◆ Instructions to follow
Below is a set of records; print all of them exactly as written.

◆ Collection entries
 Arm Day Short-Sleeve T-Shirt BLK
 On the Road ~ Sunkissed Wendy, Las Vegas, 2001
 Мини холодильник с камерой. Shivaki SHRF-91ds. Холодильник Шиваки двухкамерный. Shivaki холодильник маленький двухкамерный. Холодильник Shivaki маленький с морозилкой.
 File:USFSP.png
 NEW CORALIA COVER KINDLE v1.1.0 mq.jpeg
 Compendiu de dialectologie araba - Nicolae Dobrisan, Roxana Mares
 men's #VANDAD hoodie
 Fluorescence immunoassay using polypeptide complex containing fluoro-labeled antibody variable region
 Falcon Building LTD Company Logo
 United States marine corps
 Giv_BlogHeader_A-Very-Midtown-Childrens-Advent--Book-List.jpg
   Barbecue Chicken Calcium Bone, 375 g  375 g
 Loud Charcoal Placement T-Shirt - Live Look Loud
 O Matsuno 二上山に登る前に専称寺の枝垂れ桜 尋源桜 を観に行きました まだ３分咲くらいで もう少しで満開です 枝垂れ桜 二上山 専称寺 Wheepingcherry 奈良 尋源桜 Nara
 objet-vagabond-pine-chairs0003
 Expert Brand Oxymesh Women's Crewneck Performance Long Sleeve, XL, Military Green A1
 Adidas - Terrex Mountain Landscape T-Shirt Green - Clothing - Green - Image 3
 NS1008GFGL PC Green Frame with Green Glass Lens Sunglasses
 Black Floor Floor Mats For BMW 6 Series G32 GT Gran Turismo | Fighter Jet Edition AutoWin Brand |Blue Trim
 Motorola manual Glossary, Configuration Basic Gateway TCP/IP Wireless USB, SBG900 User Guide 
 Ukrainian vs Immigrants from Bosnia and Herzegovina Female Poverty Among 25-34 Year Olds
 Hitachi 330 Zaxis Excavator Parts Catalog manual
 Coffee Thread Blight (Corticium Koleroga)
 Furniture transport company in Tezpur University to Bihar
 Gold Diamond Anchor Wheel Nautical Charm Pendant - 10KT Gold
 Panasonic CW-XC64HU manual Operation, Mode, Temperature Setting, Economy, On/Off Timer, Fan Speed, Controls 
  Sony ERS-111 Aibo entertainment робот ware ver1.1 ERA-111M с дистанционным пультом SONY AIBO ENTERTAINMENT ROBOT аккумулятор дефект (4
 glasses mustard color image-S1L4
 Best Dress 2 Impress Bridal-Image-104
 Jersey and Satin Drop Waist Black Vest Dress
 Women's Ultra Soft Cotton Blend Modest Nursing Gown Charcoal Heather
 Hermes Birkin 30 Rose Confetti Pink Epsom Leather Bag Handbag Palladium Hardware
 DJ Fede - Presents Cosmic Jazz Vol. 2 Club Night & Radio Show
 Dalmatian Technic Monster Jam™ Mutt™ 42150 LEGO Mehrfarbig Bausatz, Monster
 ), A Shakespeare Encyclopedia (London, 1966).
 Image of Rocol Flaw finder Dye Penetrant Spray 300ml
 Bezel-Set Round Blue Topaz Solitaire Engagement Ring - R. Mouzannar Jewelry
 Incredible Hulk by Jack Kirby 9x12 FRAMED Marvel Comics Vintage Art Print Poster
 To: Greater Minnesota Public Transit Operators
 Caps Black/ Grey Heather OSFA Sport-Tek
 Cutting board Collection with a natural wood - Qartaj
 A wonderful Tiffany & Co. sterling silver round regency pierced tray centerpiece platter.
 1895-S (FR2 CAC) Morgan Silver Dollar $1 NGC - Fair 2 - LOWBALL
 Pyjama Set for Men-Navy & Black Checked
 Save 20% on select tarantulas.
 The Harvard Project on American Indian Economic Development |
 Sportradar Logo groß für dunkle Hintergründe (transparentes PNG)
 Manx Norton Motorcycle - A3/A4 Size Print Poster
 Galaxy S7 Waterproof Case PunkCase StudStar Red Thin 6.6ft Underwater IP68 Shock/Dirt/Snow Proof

◆ Result
 Arm Day Short-Sleeve T-Shirt BLK
 On the Road ~ Sunkissed Wendy, Las Vegas, 2001
 Мини холодильник с камерой. Shivaki SHRF-91ds. Холодильник Шиваки двухкамерный. Shivaki холодильник маленький двухкамерный. Холодильник Shivaki маленький с морозилкой.
 File:USFSP.png
 NEW CORALIA COVER KINDLE v1.1.0 mq.jpeg
 Compendiu de dialectologie araba - Nicolae Dobrisan, Roxana Mares
 men's #VANDAD hoodie
 Fluorescence immunoassay using polypeptide complex containing fluoro-labeled antibody variable region
 Falcon Building LTD Company Logo
 United States marine corps
 Giv_BlogHeader_A-Very-Midtown-Childrens-Advent--Book-List.jpg
   Barbecue Chicken Calcium Bone, 375 g  375 g
 Loud Charcoal Placement T-Shirt - Live Look Loud
 O Matsuno 二上山に登る前に専称寺の枝垂れ桜 尋源桜 を観に行きました まだ３分咲くらいで もう少しで満開です 枝垂れ桜 二上山 専称寺 Wheepingcherry 奈良 尋源桜 Nara
 objet-vagabond-pine-chairs0003
 Expert Brand Oxymesh Women's Crewneck Performance Long Sleeve, XL, Military Green A1
 Adidas - Terrex Mountain Landscape T-Shirt Green - Clothing - Green - Image 3
 NS1008GFGL PC Green Frame with Green Glass Lens Sunglasses
 Black Floor Floor Mats For BMW 6 Series G32 GT Gran Turismo | Fighter Jet Edition AutoWin Brand |Blue Trim
 Motorola manual Glossary, Configuration Basic Gateway TCP/IP Wireless USB, SBG900 User Guide 
 Ukrainian vs Immigrants from Bosnia and Herzegovina Female Poverty Among 25-34 Year Olds
 Hitachi 330 Zaxis Excavator Parts Catalog manual
 Coffee Thread Blight (Corticium Koleroga)
 Furniture transport company in Tezpur University to Bihar
 Gold Diamond Anchor Wheel Nautical Charm Pendant - 10KT Gold
 Panasonic CW-XC64HU manual Operation, Mode, Temperature Setting, Economy, On/Off Timer, Fan Speed, Controls 
  Sony ERS-111 Aibo entertainment робот ware ver1.1 ERA-111M с дистанционным пультом SONY AIBO ENTERTAINMENT ROBOT аккумулятор дефект (4
 glasses mustard color image-S1L4
 Best Dress 2 Impress Bridal-Image-104
 Jersey and Satin Drop Waist Black Vest Dress
 Women's Ultra Soft Cotton Blend Modest Nursing Gown Charcoal Heather
 Hermes Birkin 30 Rose Confetti Pink Epsom Leather Bag Handbag Palladium Hardware
 DJ Fede - Presents Cosmic Jazz Vol. 2 Club Night & Radio Show
 Dalmatian Technic Monster Jam™ Mutt™ 42150 LEGO Mehrfarbig Bausatz, Monster
 ), A Shakespeare Encyclopedia (London, 1966).
 Image of Rocol Flaw finder Dye Penetrant Spray 300ml
 Bezel-Set Round Blue Topaz Solitaire Engagement Ring - R. Mouzannar Jewelry
 Incredible Hulk by Jack Kirby 9x12 FRAMED Marvel Comics Vintage Art Print Poster
 To: Greater Minnesota Public Transit Operators
 Caps Black/ Grey Heather OSFA Sport-Tek
 Cutting board Collection with a natural wood - Qartaj
 A wonderful Tiffany & Co. sterling silver round regency pierced tray centerpiece platter.
 1895-S (FR2 CAC) Morgan Silver Dollar $1 NGC - Fair 2 - LOWBALL
 Pyjama Set for Men-Navy & Black Checked
 Save 20% on select tarantulas.
 The Harvard Project on American Indian Economic Development |
 Sportradar Logo groß für dunkle Hintergründe (transparentes PNG)
 Manx Norton Motorcycle - A3/A4 Size Print Poster
 Galaxy S7 Waterproof Case PunkCase StudStar Red Thin 6.6ft Underwater IP68 Shock/Dirt/Snow Proof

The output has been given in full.